> Task statement
Leaving out the images, repeat all the lines below exactly.

> Data segment
--------

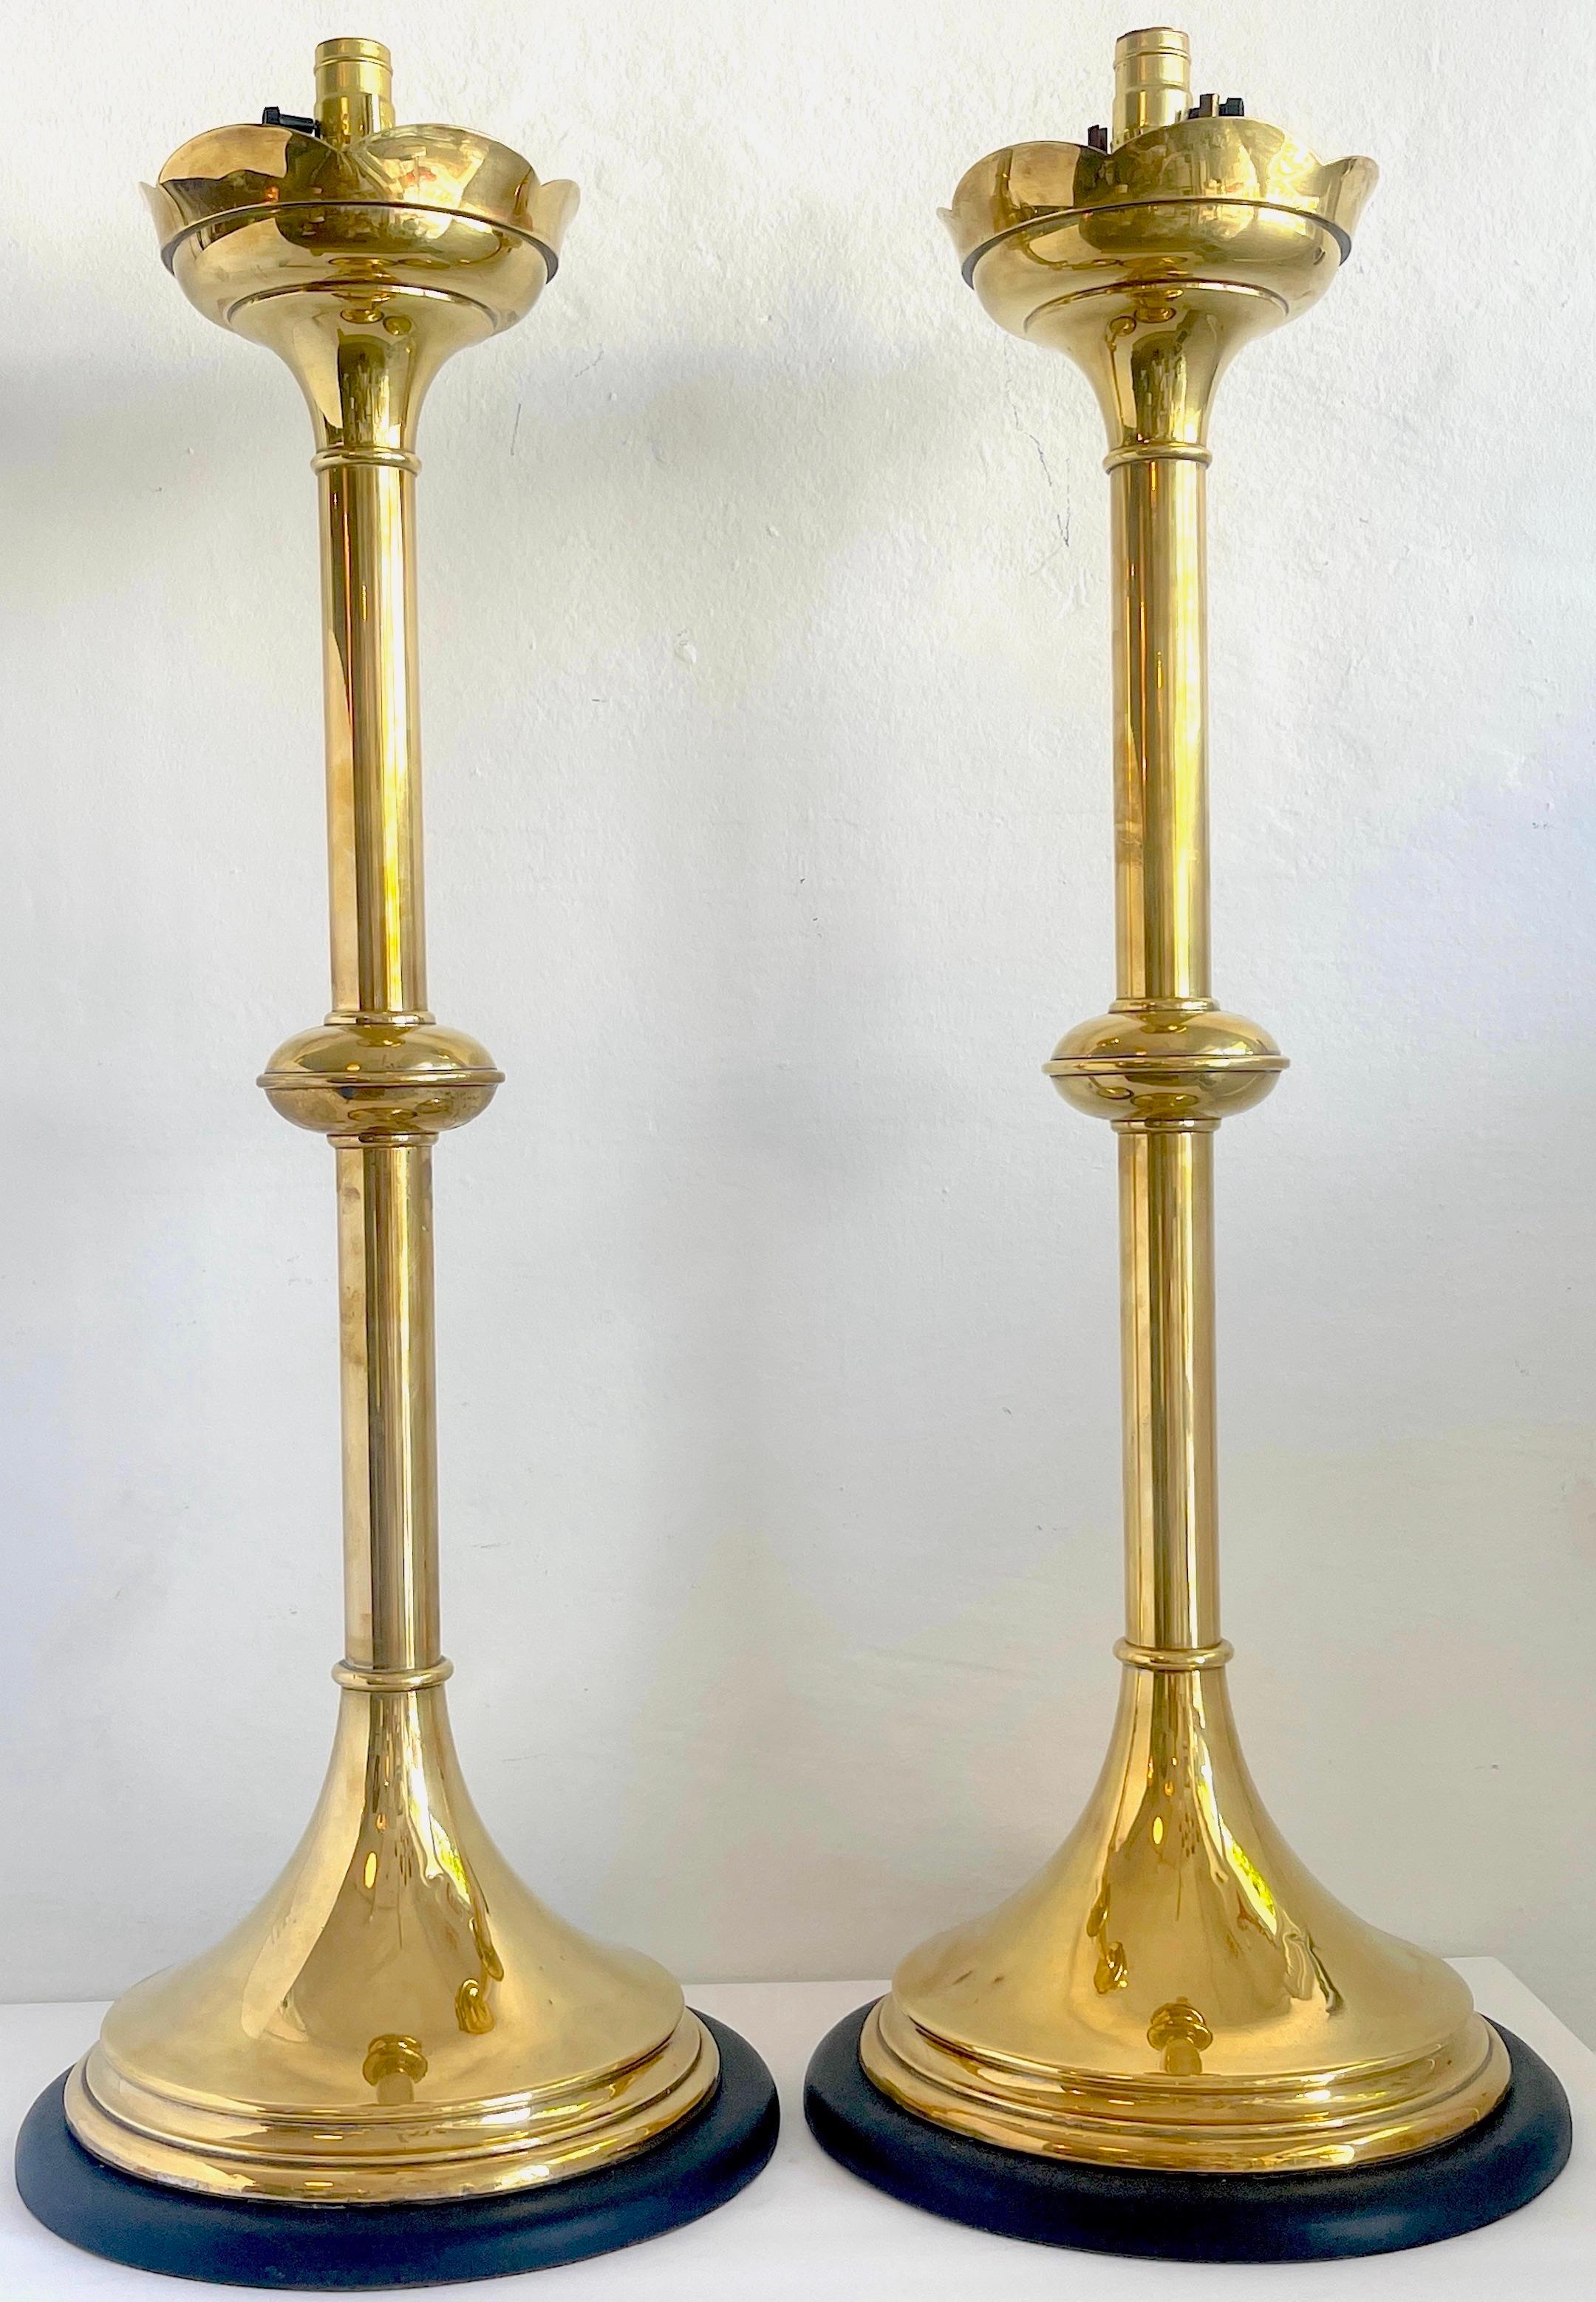 Pair of massive brass 'Trumpet' Gothic Style lamps
England, 1900s
Each one of substantial size and grace, standing 35-inches tot he socket, 32.5-Inches high to the the top of the column, resting on a 13-Inch diameter ebonized wood base.

--------

> Task output
 Pair of massive brass 'Trumpet' Gothic Style lamps
England, 1900s
Each one of substantial size and grace, standing 35-inches tot he socket, 32.5-Inches high to the the top of the column, resting on a 13-Inch diameter ebonized wood base.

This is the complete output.